Headspace Health is keeping an eye on value-based care and new legislation as it continues its push into the employer and payer space.
It’s been roughly nine months since digital health company Headspace merged with virtual mental health company Ginger making a $3 billion company. The joint company, Headspace Health, is now positioning itself to offer a continuum of care for enterprise clients.
The company’s deal with Cigna is a prime example of its plans for an integrated future. The partnership could also provide insights into digital behavioral health care, which could pave the way for value-based care moving forward.
Behavioral Health Business sat down with Headspace Health Senior Vice President of Partnerships Katie DiPerna to talk about the merger, value-based care and legislation to watch coming down the pipeline.
This interview has been edited for clarity and length.
BHB: I’d love to talk a little bit about some of the changes that happened since that merger. Where are you seeing the company go in the future?
DiPerna: I spend everyday talking to the market, talking to payers, and employers and providers. And as soon as I say that I’m from Headspace Health, and talk about the merger, everybody gets it instantly. That makes a lot of sense. It’s a full spectrum of services now that a member can [access] whether it’s self-directed care through Headspace’s mindfulness meditation, the text-based coaching, all the way through clinical services, therapy and psychiatry. What’s really interesting, too, is that people can move between those journeys over time.
This year, we’re focused on executing for our existing customers and our existing partners. This summer, we’re starting to roll out some connected opportunities. So for our enterprise employer customers, there’ll be one implementation unified way that members can access, integrating reporting, things like that, trying to create some connected experiences.
BHB: Is there any legislation that you are watching right now? In terms of maybe CMS or other [regulations]?
I would put our regulatory watching in a couple of buckets. I mean, obviously, there’s been a tremendous push towards reimbursement and across licensing. So keeping that consistent that this is the future, let’s not go back. We’re seeing how many people are benefiting from that access.
So, continuing to make sure that our policy reflects the need for these services to continue to be reimbursed and covered. And that some of the changes made post pandemic stay.
Another piece that’s a little bit more specific, in California, for example, we’re seeing an interesting regulation around the actual delivery of services: how quickly you need to offer follow up appointment times once somebody has been referred, how quickly you need to get them into care. And so really being able to make sure that we’ve built our infrastructure to respond, as we expect that may be adopted by other states.
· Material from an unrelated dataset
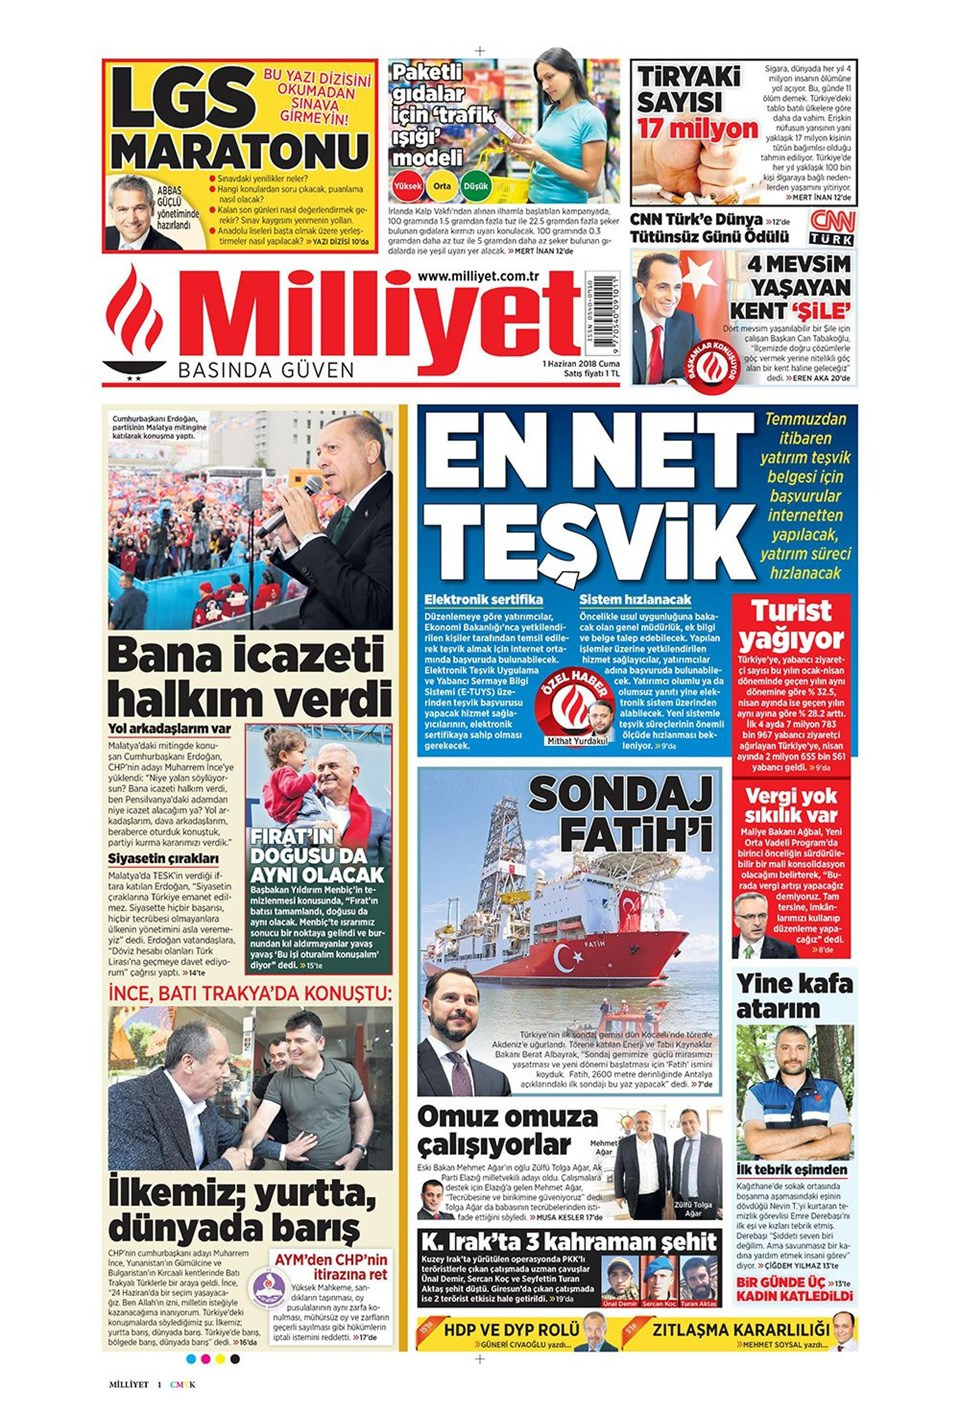 Gazete manşetleri 1 Haziran 2018 Hürriyet - Sözcü - Posta

Lastly, this is probably more futuristic but thinking about self content, self-directed care, mindfulness, meditation as a covered benefits. Essentially, can we get to a state where CMS is actually reimbursing for access to Headspace and ongoing usage of Headspace content? You know, we were already seeing some plans move [towards that]. For example, our partnership with Cigna, they are reimbursing us for coaching, which was something new for a national plan to do that.
BHB: It seems like one of the challenges with employer space is adoption [of the point solution]. … How are you dealing with that?
DiPerna: We just released our annual survey on workplace attitudes towards mental health. And, I mean, there’s a number of pretty stunning statistics in there, but one that really stood out to me was that 70% of employees are saying that they have missed a day of work or more, because of stress, burnout and other mental health-related issues.
… the Headspace for Work products, they see up to 20% engagement in the platform.
BHB: So 20% of the employees they’re offering it to are using it?
Yes, it’s a really engaging front door, to get people to start to engage in their own mental health care. And so we see that as a way in which we can get people into the system more upstream. And then over time, that would also drive, better engagement and Ginger [usages], as well.
BHB: Are you interested in value-based care? Has this come up at all?
DiPerna: My background is in value-based care. So before I came to Ginger, I spent eight and a half years working in various risk arrangements, with payers, and providers, everything from early-stage shared-savings models, ACO demonstrations, all the way through capitated models. So, I’m definitely very passionate about this topic.
I think that something’s going to have to give. Reimbursement for therapy and psychiatry rates are not going up at the rate that it costs to pay the salaries or to maintain these platforms. …
To me, it feels like we’re in very early stages. We’re a year into our partnership with Cigna, we’re starting to really study the clinical outcomes, really understand what’s working and what’s not.
And then I think that could serve as a basis for moving up the sort of risk-based spectrum where maybe we move into some form of bundled payments where we’re taking on some of the risk over time, but I think we’re still the industry as a whole is still at a very early stage on that front.